During his visit to Japan, US President Donald Trump flaunted his close friendship with Prime Minister Shinzo Abe, who lavished him with caps emblazoned with "Donald and Shinzo, Make Alliance Even Greater" and a wagyu dinner.
They bonded over golf, exchanging fist bumps and high fives, and chowed down US beef burgers.
Much has been made about the significance of their interaction, and both countries came away confident in their security alliance over issues such as North Korea and the Indo-Pacific. In this regard, there was "no surprise", Dr Yasushi Watanabe of Keio University said, adding: "It was quite natural the summit would go smoothly."
The two men, on first-name terms, rhapsodised over their tight bond, which analysts say may help them bridge difficult issues.

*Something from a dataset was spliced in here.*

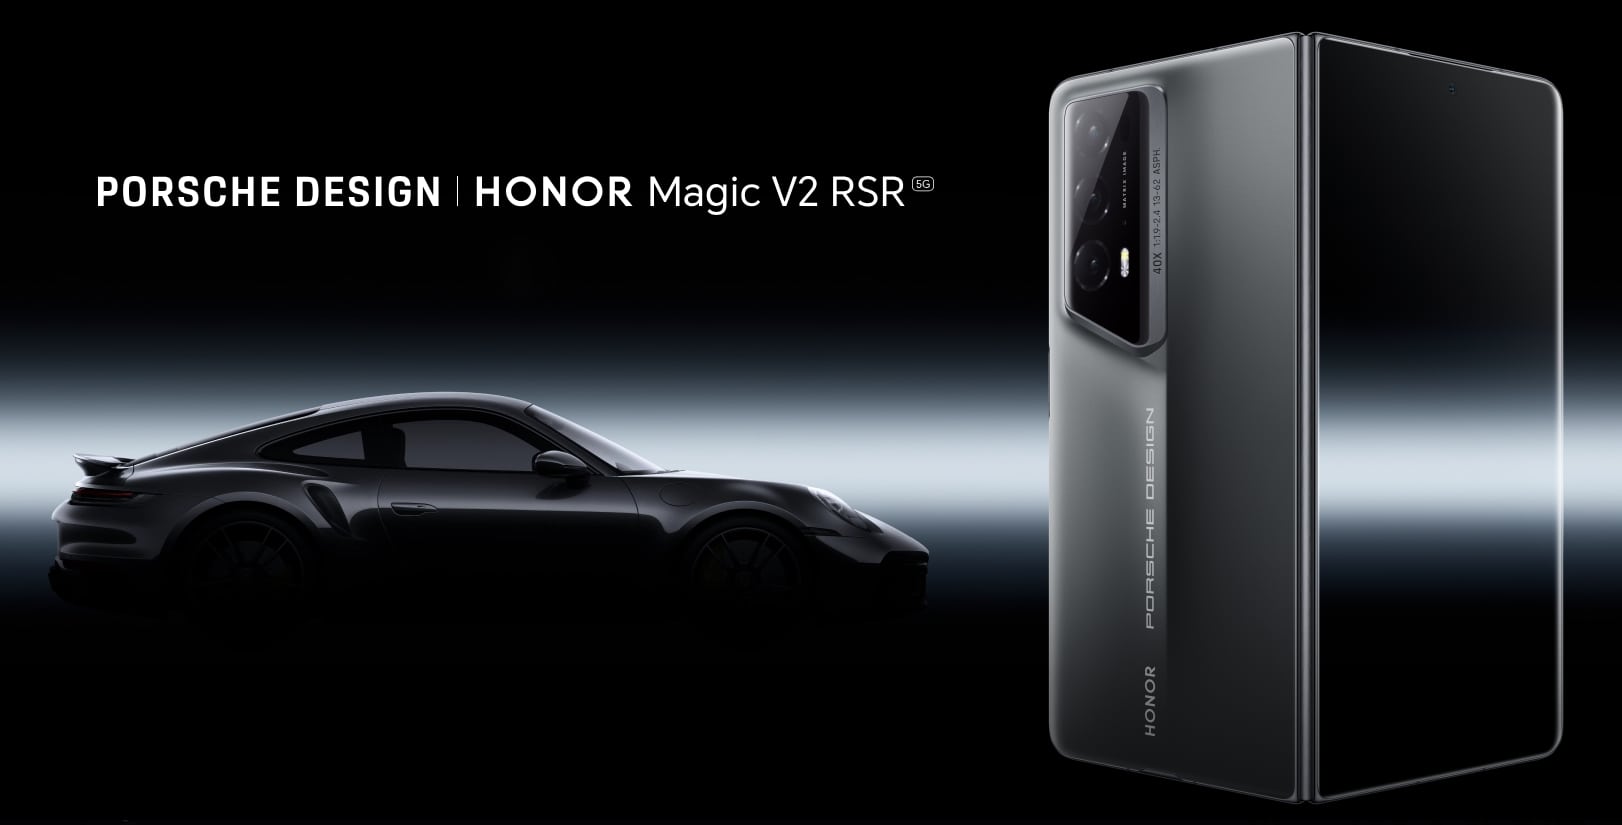 Deleita tus ojos con el Porsche Design HONOR Magic V2 RSR

However, moments in their joint press conference gave critics some pause, as these betrayed the leaders' divergent views on a variety of issues, with Mr Abe offering nuanced responses in contrast to Mr Trump's typical bluster.
On dealing with North Korea, for instance, Mr Trump urged Japan to buy more US weaponry that will allow it to "shoot down North Korean missiles from the sky". On his part, Mr Abe said any interception will be "closely coordinated with the US".
• Seven highlights of Trump's first trip to Asia.
• How he fared in Vietnam, South Korea and the Philippines.
While Japan has stressed that it is an equal partner with the US in their bilateral alliance, critics wonder if Mr Trump instead regards Japan as subservient to the US. The US leader implied in a put-down that the Japanese economy is second fiddle to the US', and even interjected during a question meant for Mr Abe about Japan's national security.
"The Japanese people are thriving, your cities are vibrant and you've built one of the world's most powerful economies. I don't know if it's as good as ours," said Mr Trump. Then turning to Mr Abe, he added: "I think not, okay? And we're going to try to keep it that way. But you'll be second."
Ms Shihoko Goto, who studies North-east Asia issues at the Woodrow Wilson Centre in Washington, said while the leaders managed to set the tone for the alliance, "their love of golf is a superficial connection that can evaporate quickly". "Mr Trump's core belief surfaced when he said the US was No. 1, while Japan could be No. 2," she said.
But Mr Abe has some leverage when it comes to buying US arms, according to Ms Goto.
"It would give him greater impetus for constitutional reform, which is a prerequisite for Japan to enhance its military capabilities."